NEW YORK – Seeing they have little voice in the process, parents have taken to organizing their own unions. Frustrated that teachers unions consistently look out for the adults, parents are organizing groups – “parent unions” – to look out for students’ interests.
    
But Michael Benjamin writes in the New York Post that unions are now setting out to co-opt those so as to limit meaningful reform.
    

 
While Mayor Bloomberg and Schools Chancellor Dennis Walcott were in Albany last week taking incoming fire from state legislators for missing the deadline to reach a deal on teacher evaluations, allies of the teachers union were in Washington opening yet another front in the war on the city’s school-closure policy.
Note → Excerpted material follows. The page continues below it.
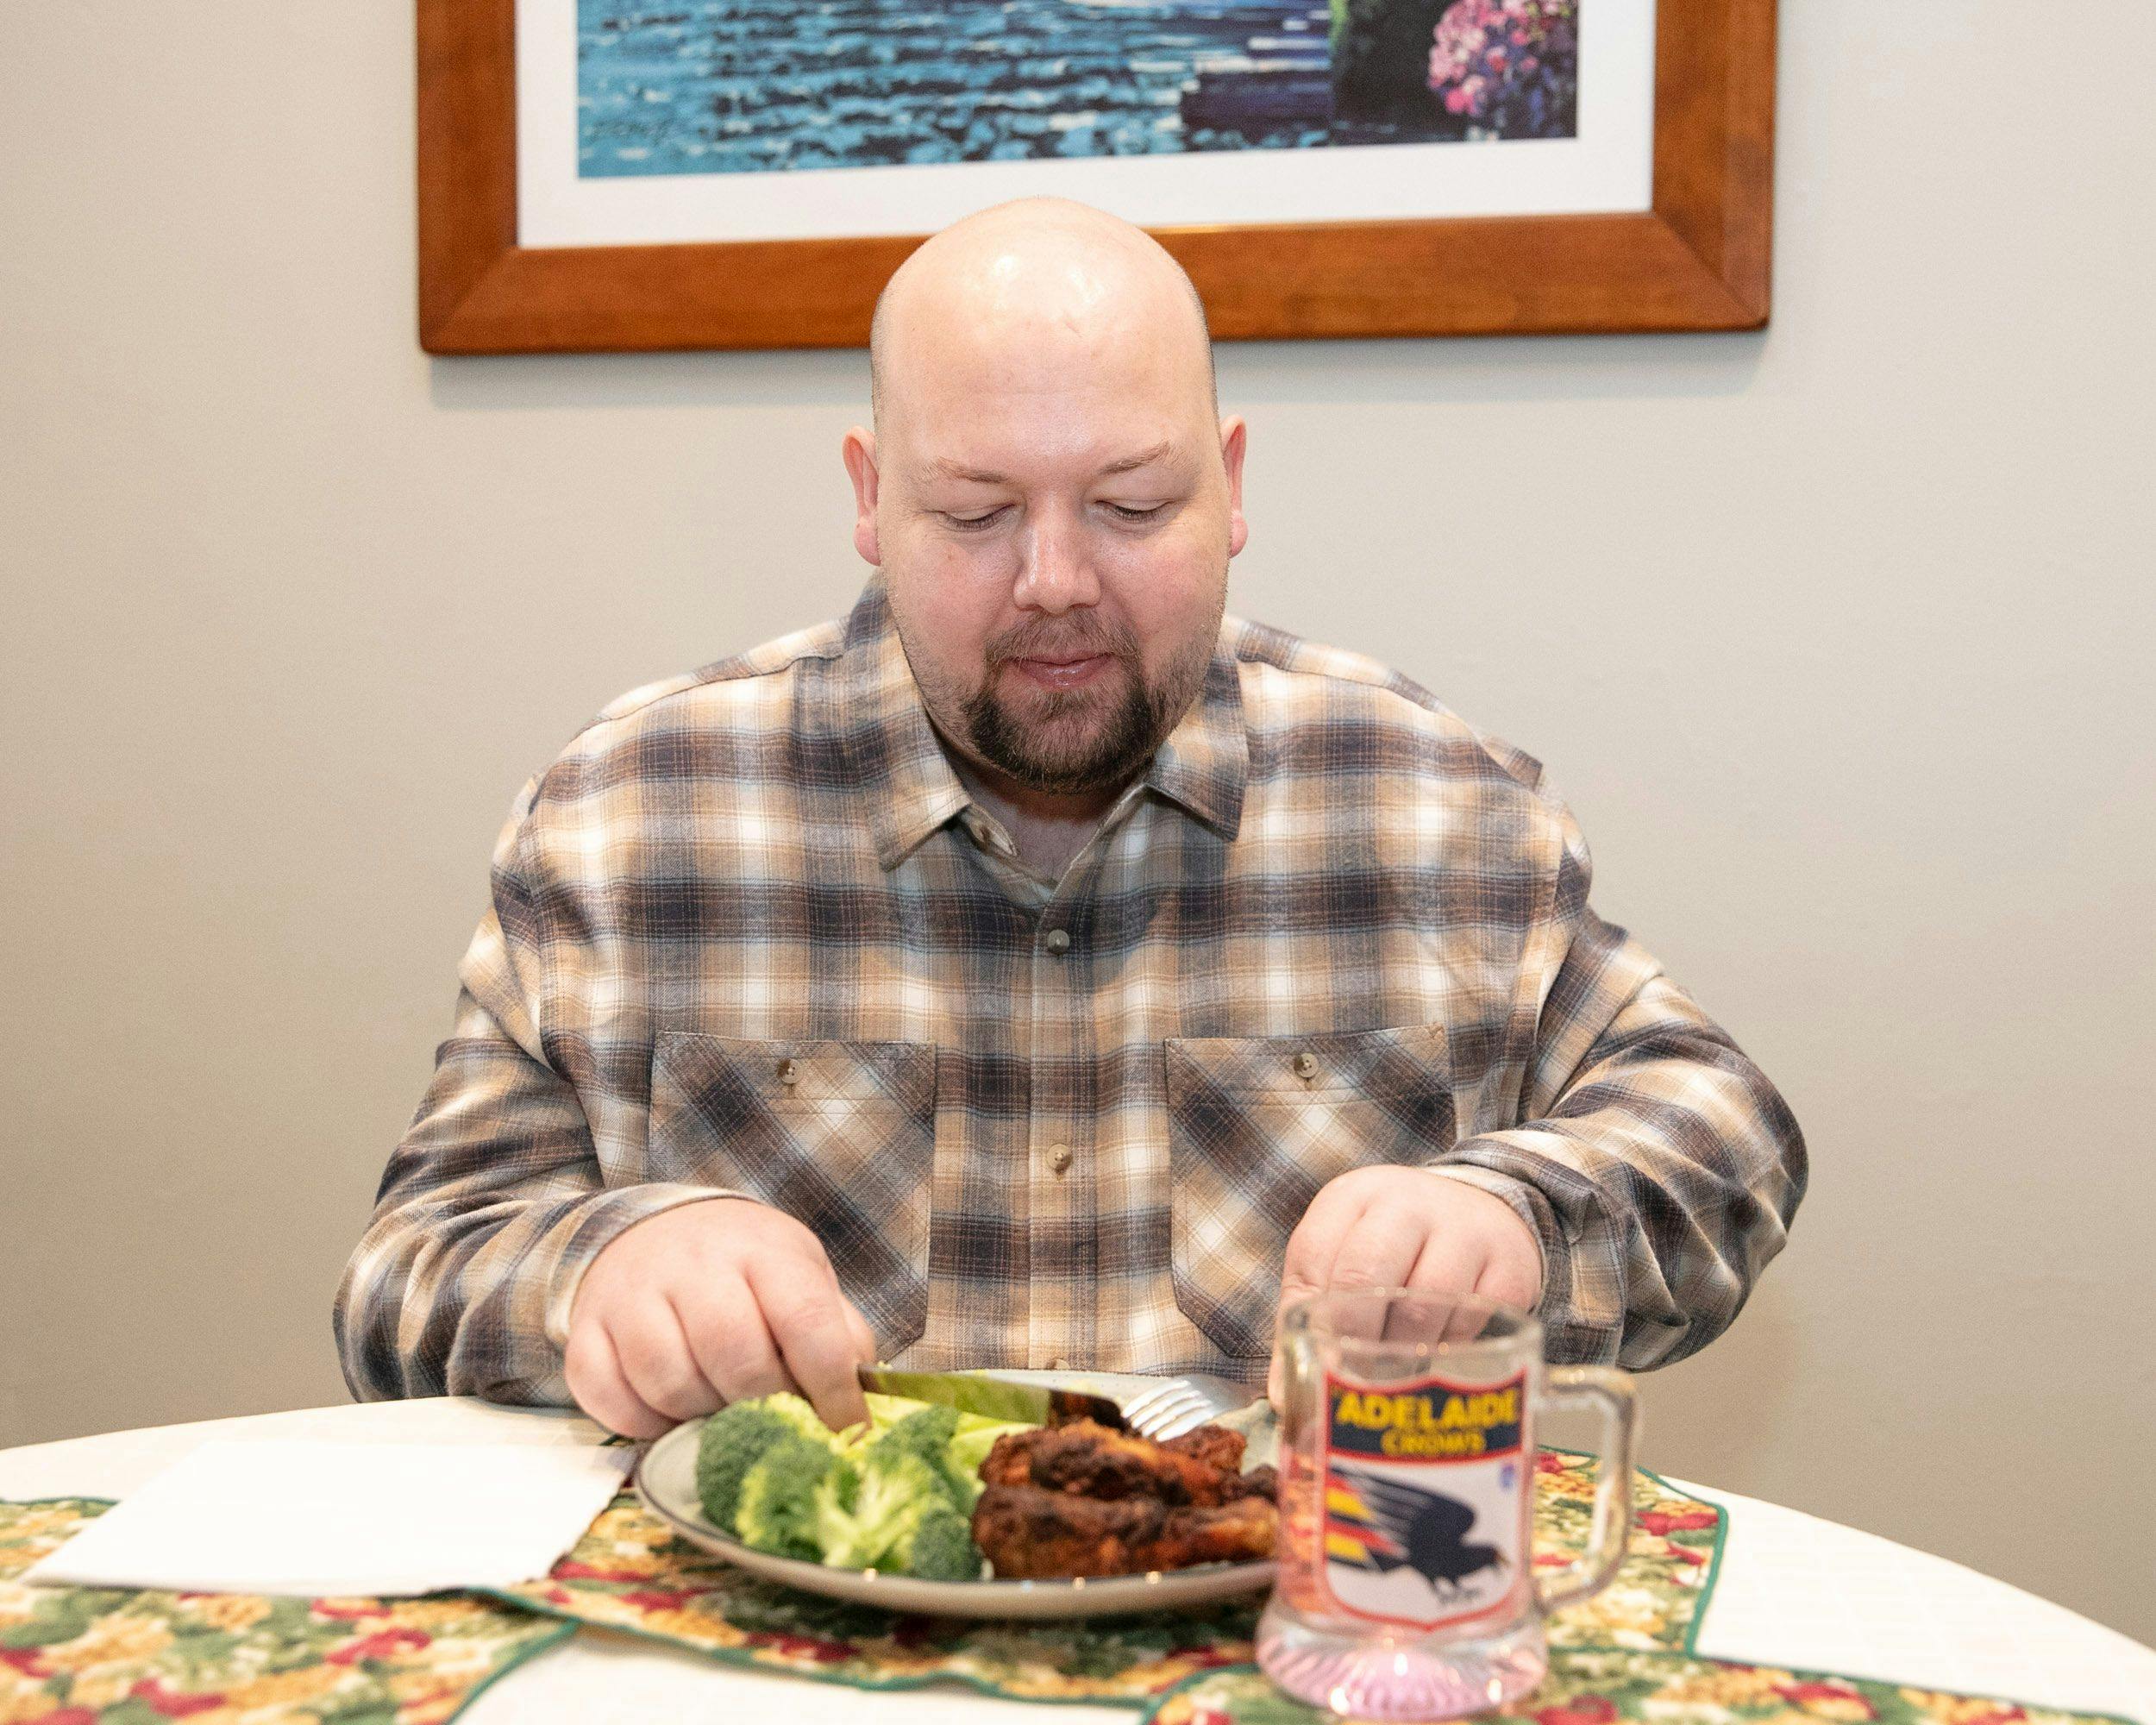 Man eating a meal

The union-backed effort to thwart the closing of failing schools (which are largely staffed by teachers rated “unsatisfactory”) has long been active in Albany and in the local courts. The latest move involves filing federal civil-rights complaints alleging that the closings hit minority communities hardest — and no matter that previous such complaints were dismissed as unsubstantiated.
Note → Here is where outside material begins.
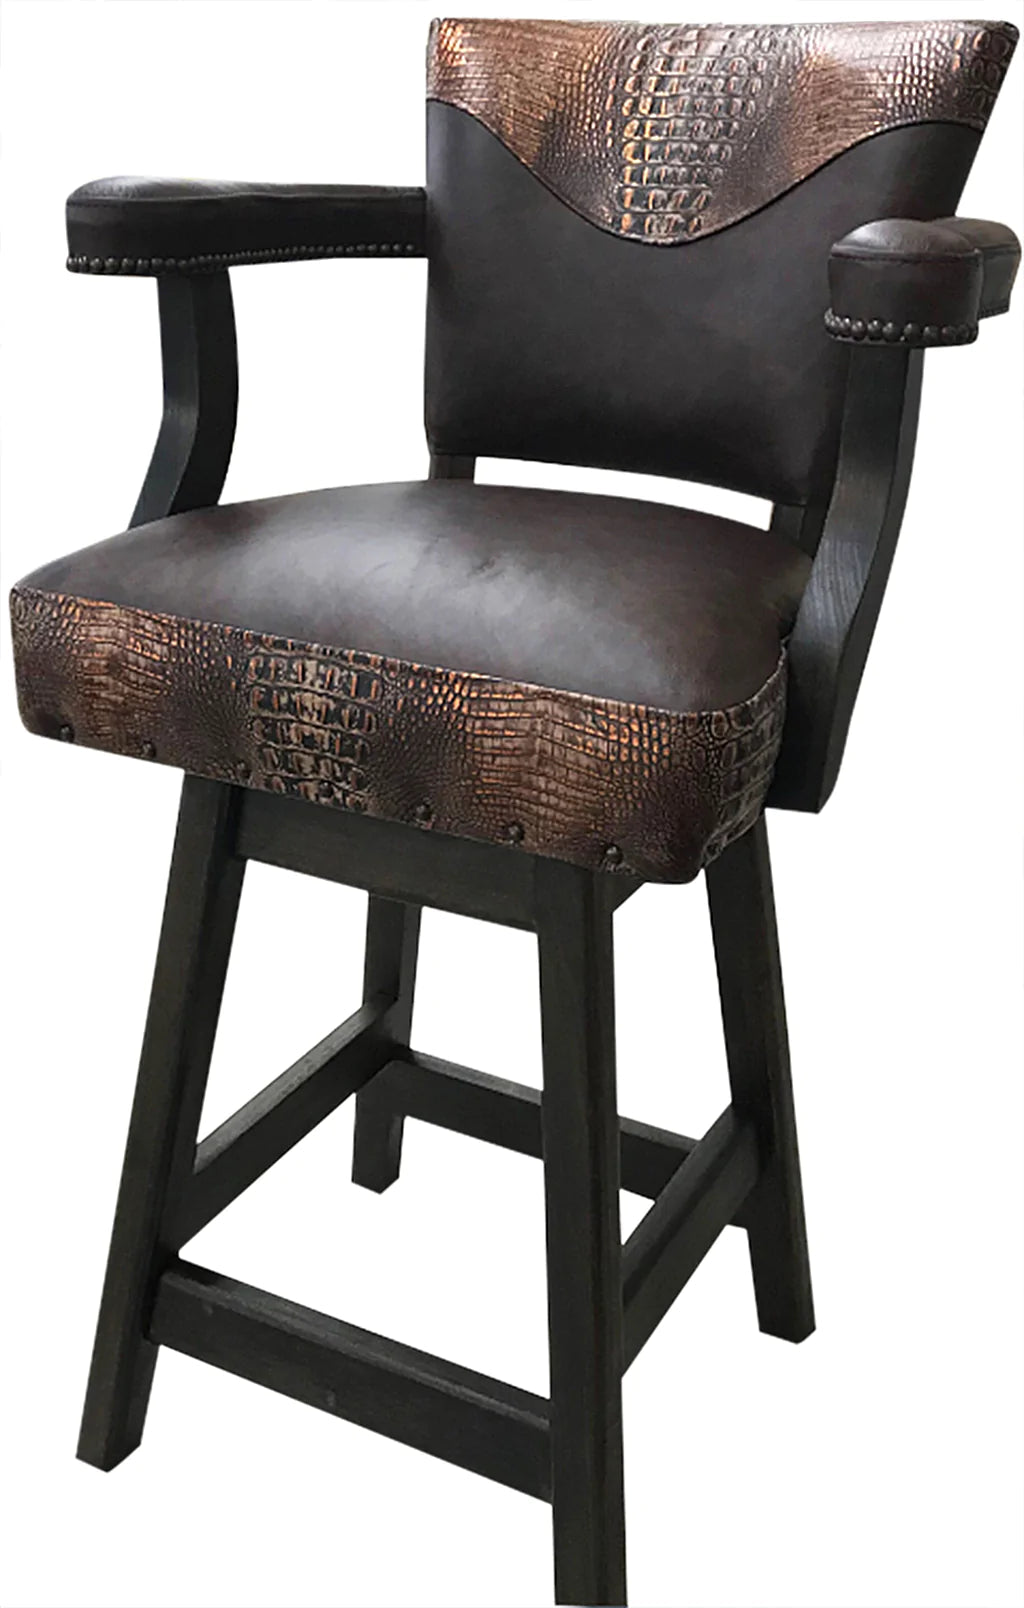 Cave Creek Distressed Leather with Copper accented Gator Counter Height Barstool

Leading the city contingent to Washington was “parent” activist Zakiyah Ansari, who’s become the leading face of the union’s job-protection drive.

Ansari represents two organizations — the Alliance for Quality Education (or AQE), where she is advocacy director, and New Yorkers for Great Public Schools, for whom she is a spokesperson. Her role becomes more clear when you learn that both outfits are teacher-union-backed groups posing as organizations speaking on behalf of parents. (Some of the money comes from the city United Federation of Teachers, some from its parent, the New York State United Teachers.)

A third group, Journey 4 Justice, organized and financed the DC trip. It’s yet another union-backed entity using black and brown faces to front the unions’ jobs-protection agenda.

In Washington, Chicago organizer Jitu Brown loudly claimed, “We are not Astroturf groups,” and “We are not people who are paid by private interests to appear.” Right.